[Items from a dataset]
--- --- ---

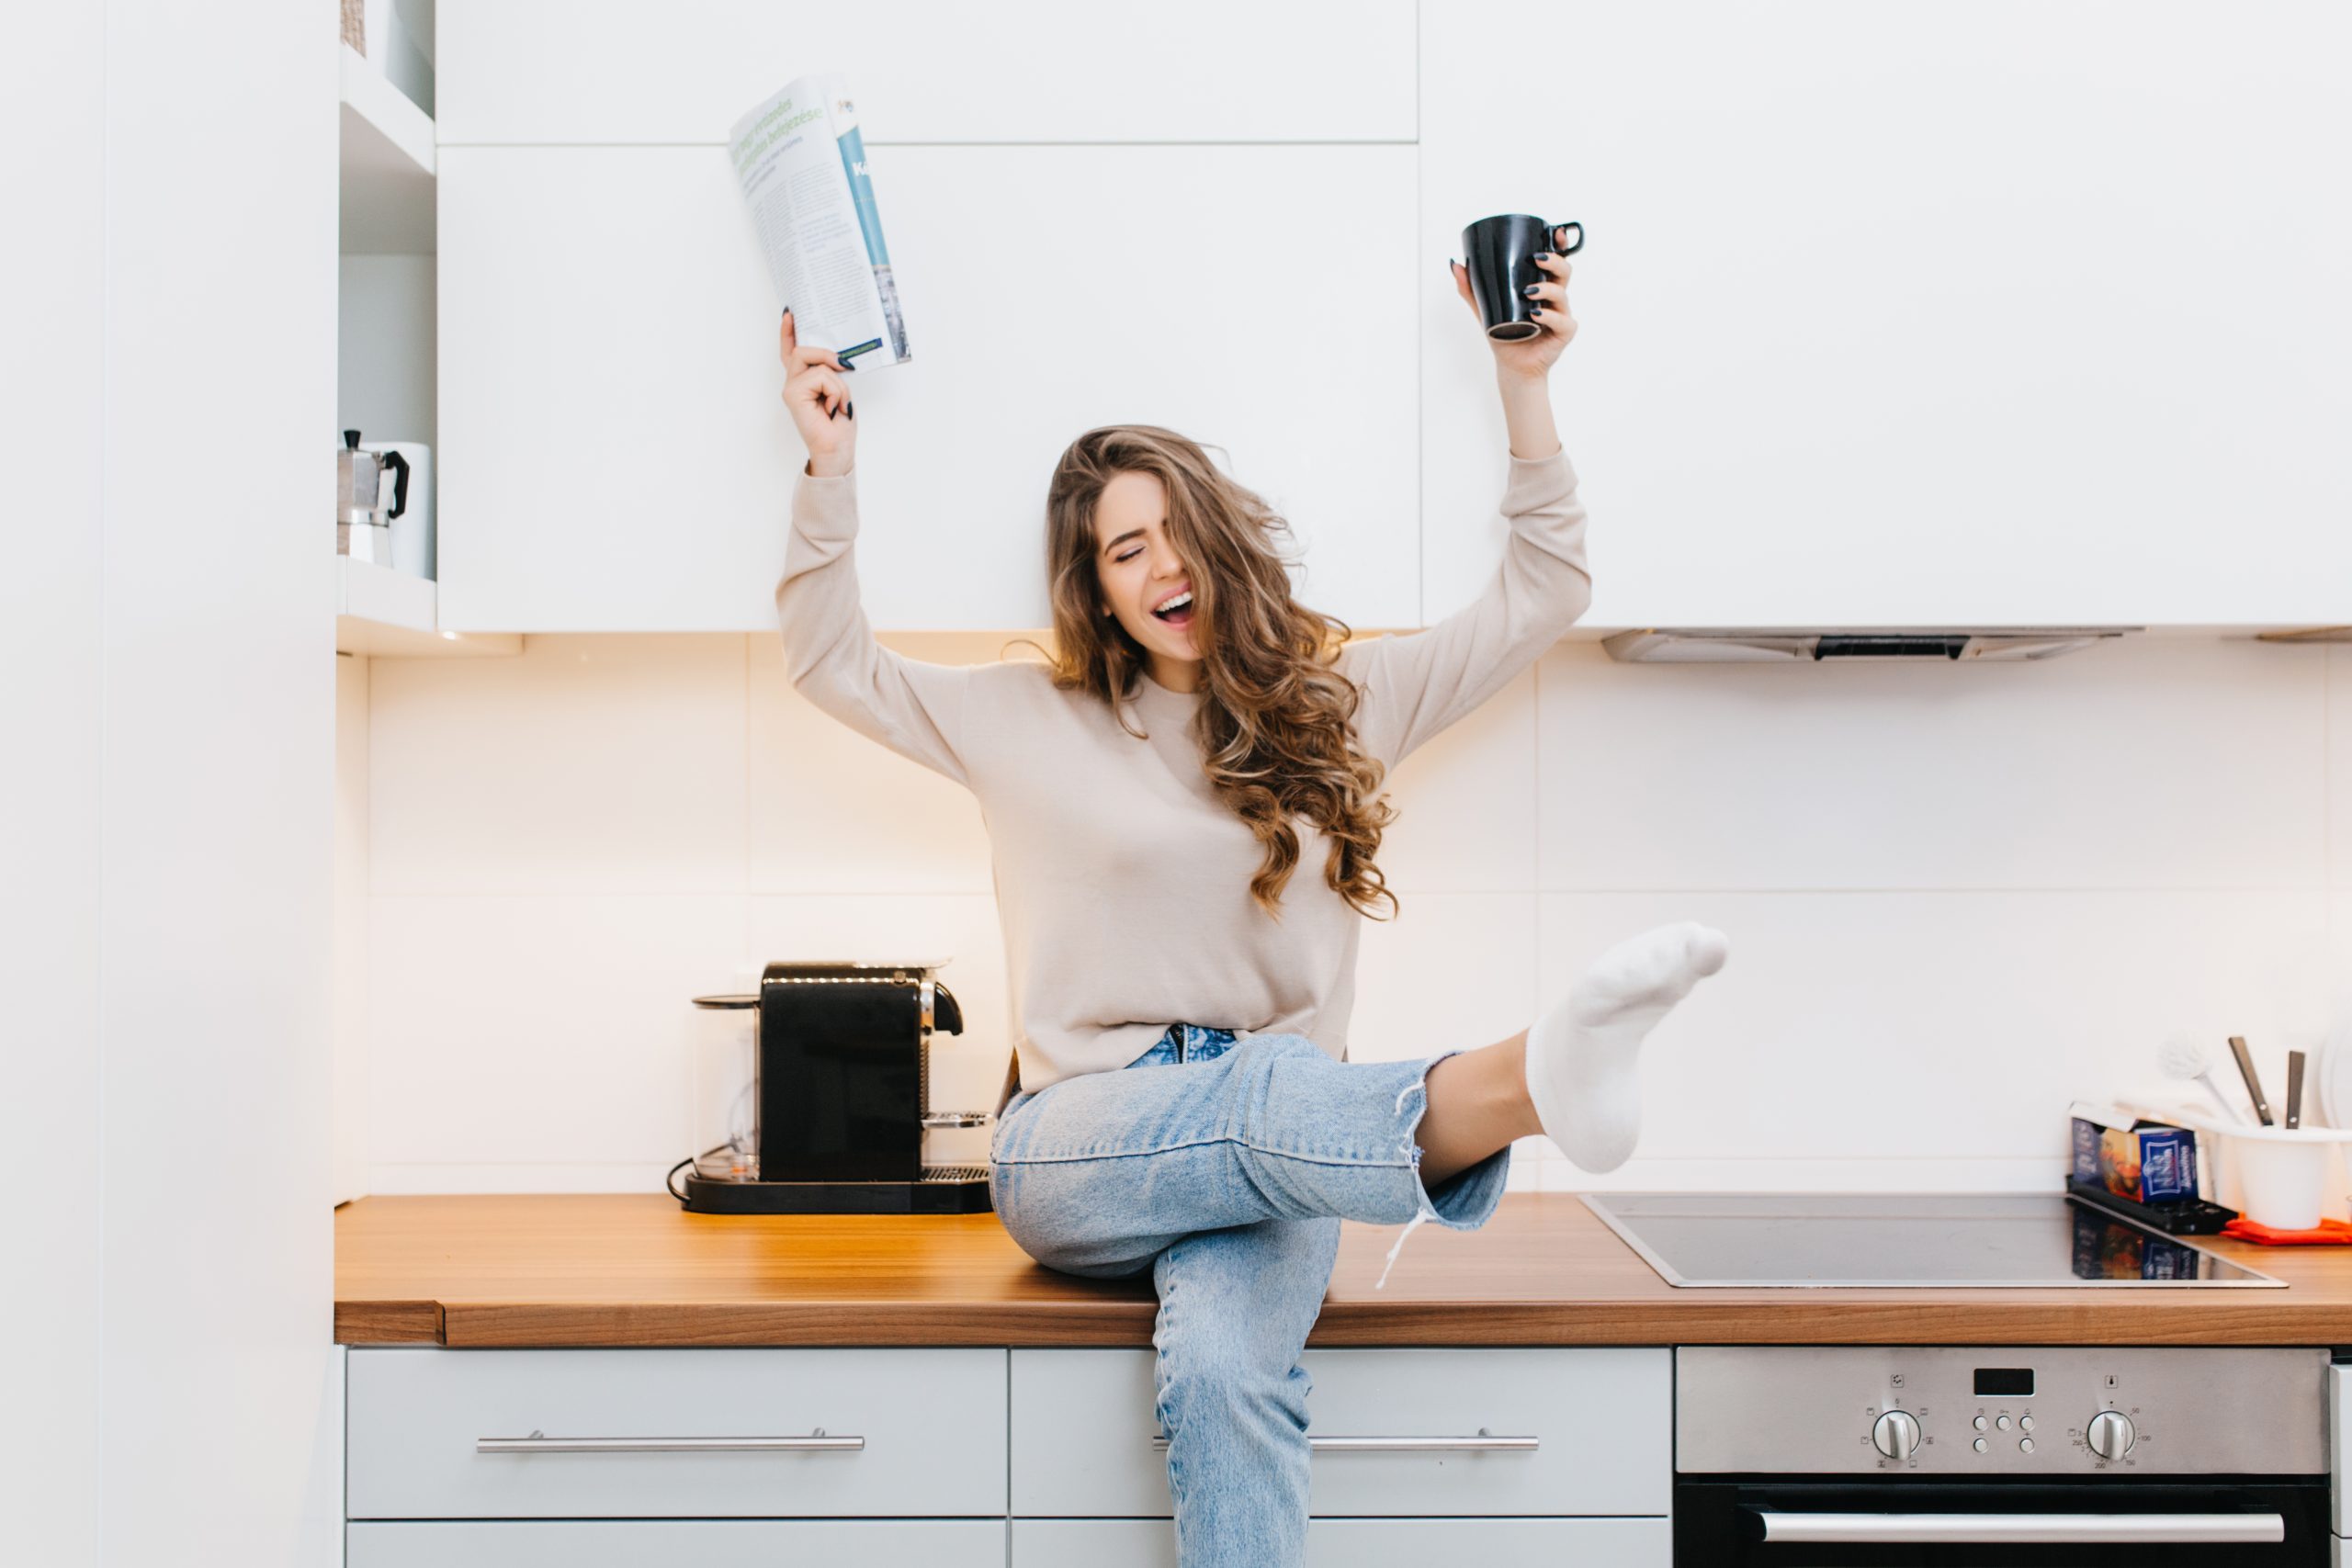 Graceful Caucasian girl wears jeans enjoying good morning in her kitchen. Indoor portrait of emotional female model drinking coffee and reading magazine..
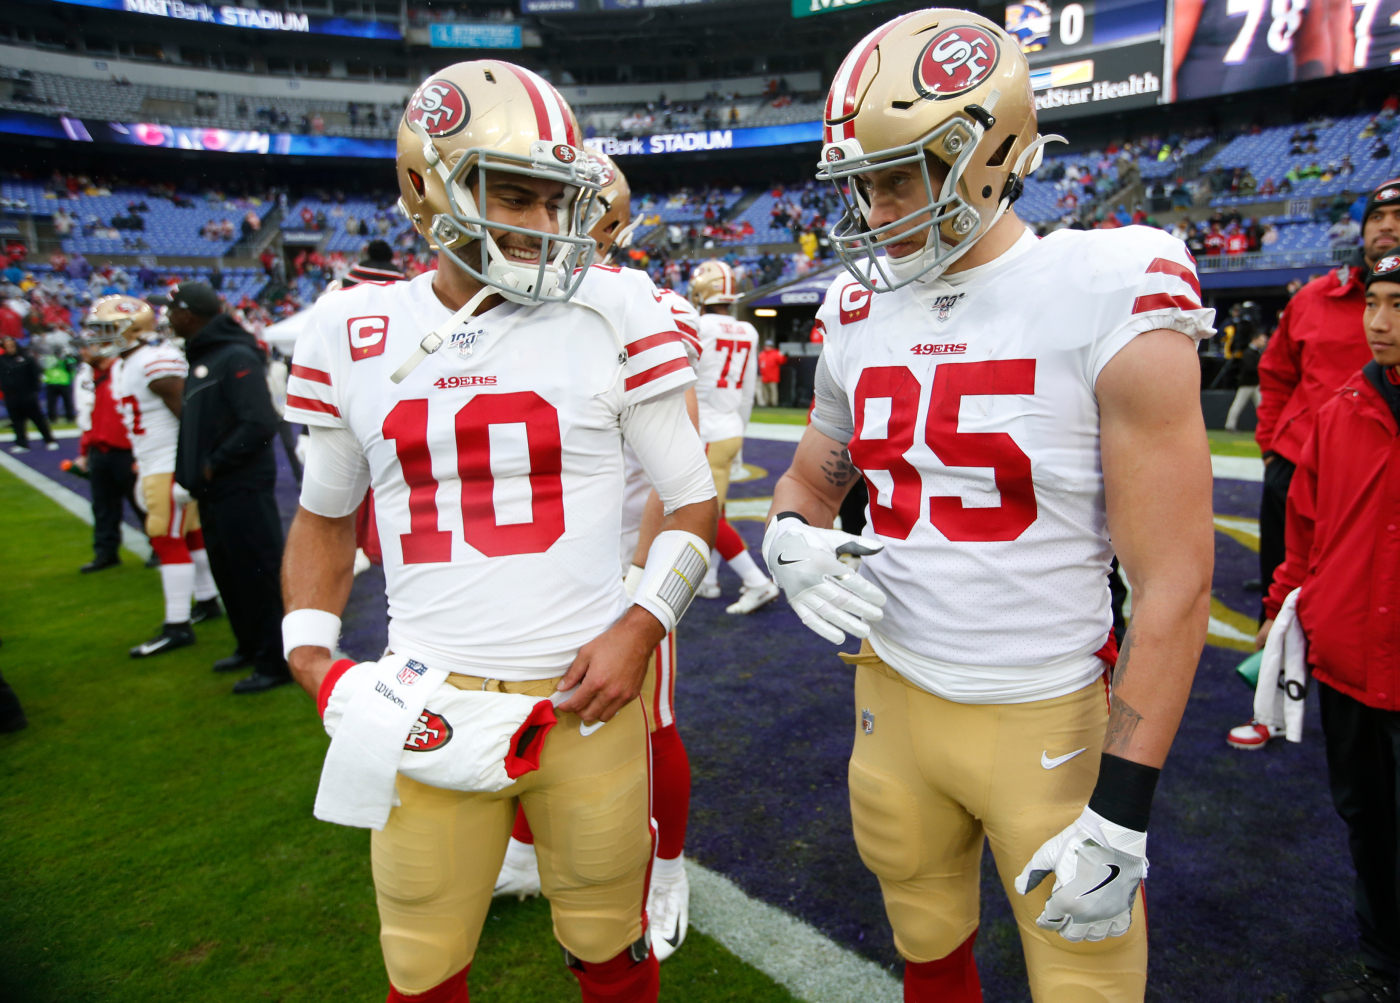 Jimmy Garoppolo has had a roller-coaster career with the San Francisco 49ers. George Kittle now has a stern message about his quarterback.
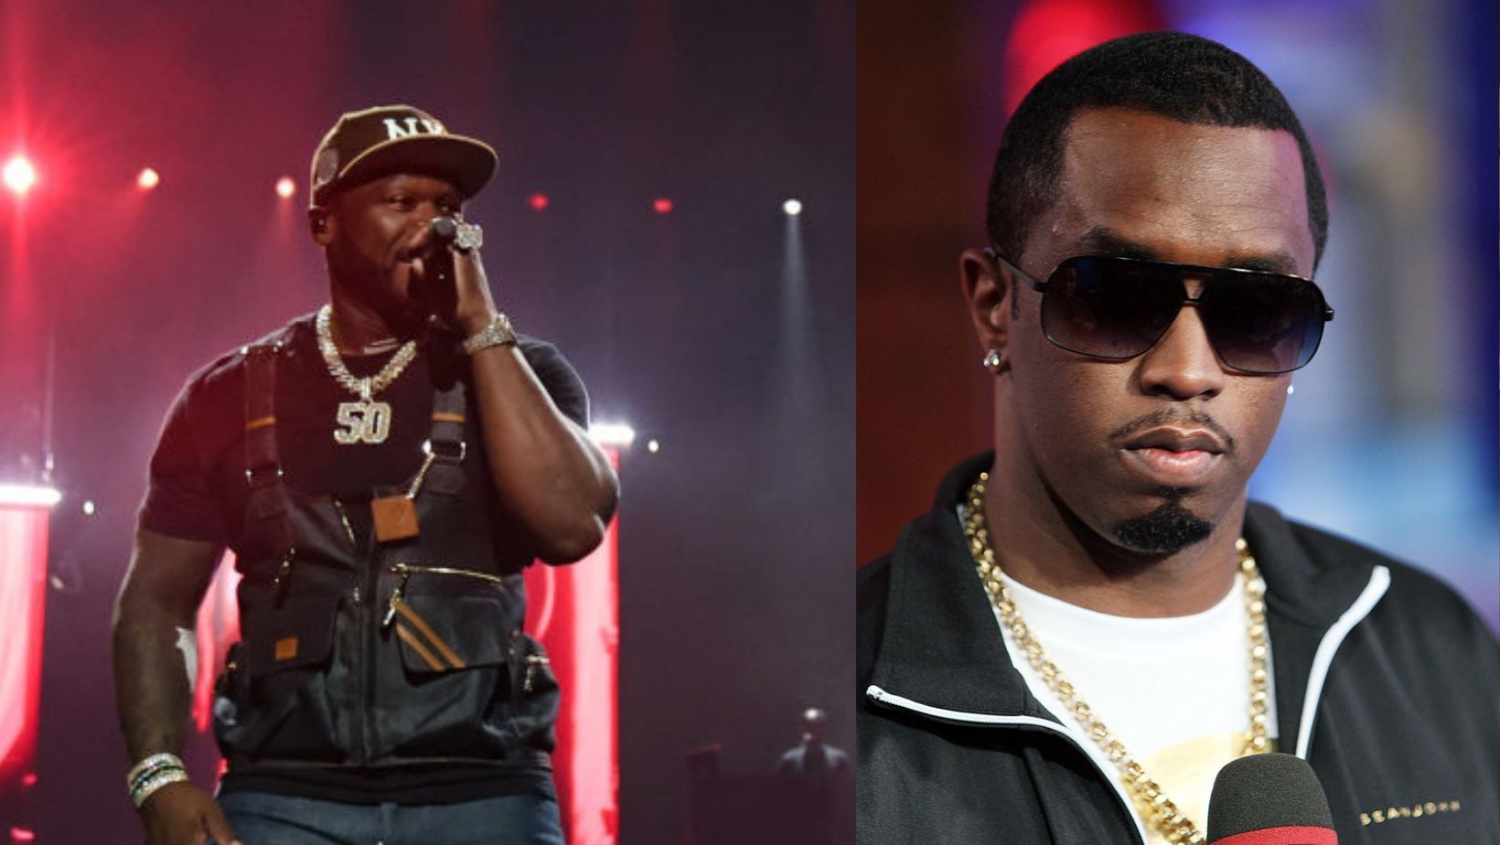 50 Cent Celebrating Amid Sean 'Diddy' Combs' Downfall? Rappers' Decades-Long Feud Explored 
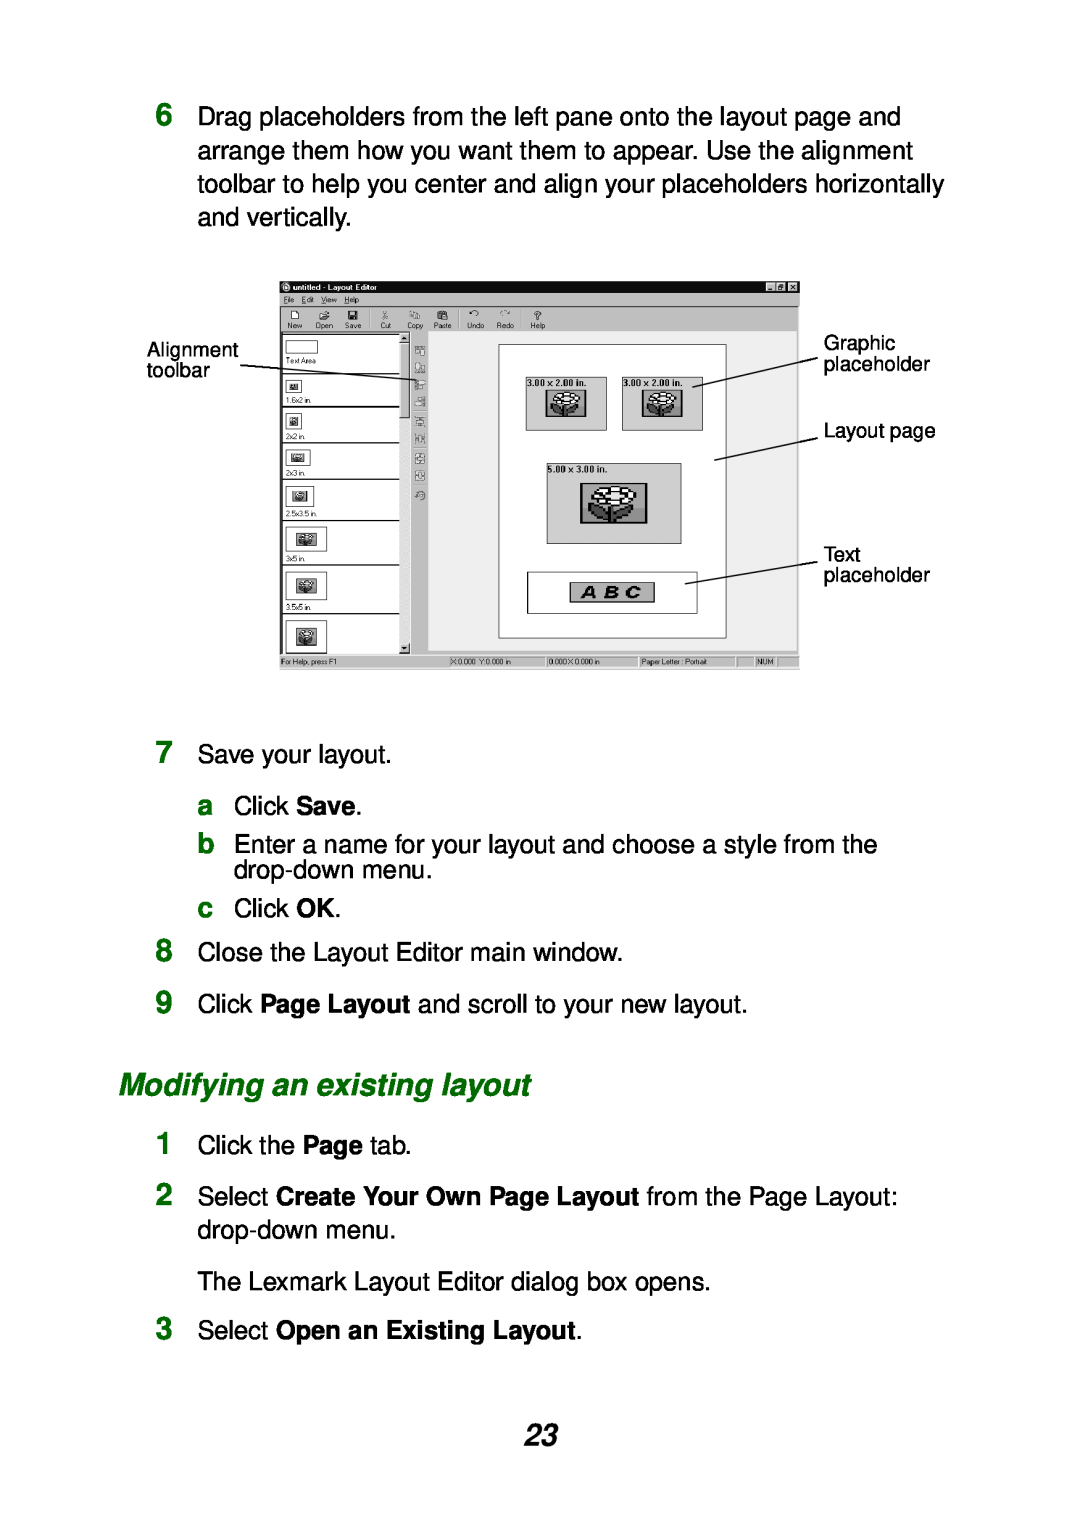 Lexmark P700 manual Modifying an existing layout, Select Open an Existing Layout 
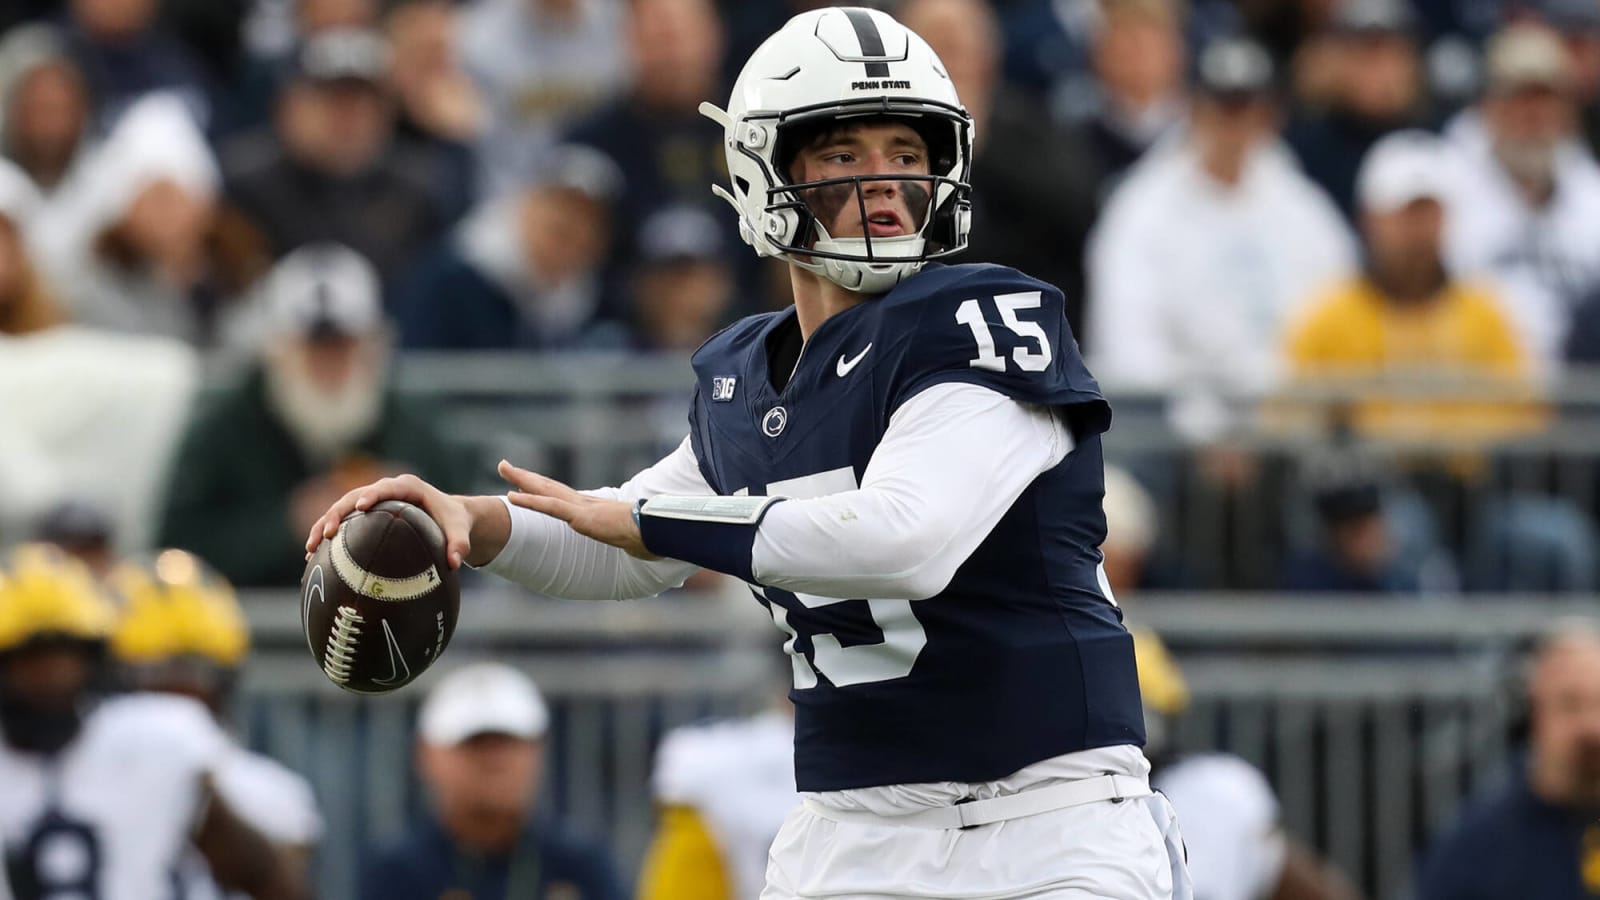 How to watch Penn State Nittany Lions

--- --- ---

## TASK DIRECTIONS
The data above must be given back verbatim, minus its images.

## YOUR SOLUTION
 Graceful Caucasian girl wears jeans enjoying good morning in her kitchen. Indoor portrait of emotional female model drinking coffee and reading magazine..
 Jimmy Garoppolo has had a roller-coaster career with the San Francisco 49ers. George Kittle now has a stern message about his quarterback.
 50 Cent Celebrating Amid Sean 'Diddy' Combs' Downfall? Rappers' Decades-Long Feud Explored 
 Lexmark P700 manual Modifying an existing layout, Select Open an Existing Layout 
 How to watch Penn State Nittany Lions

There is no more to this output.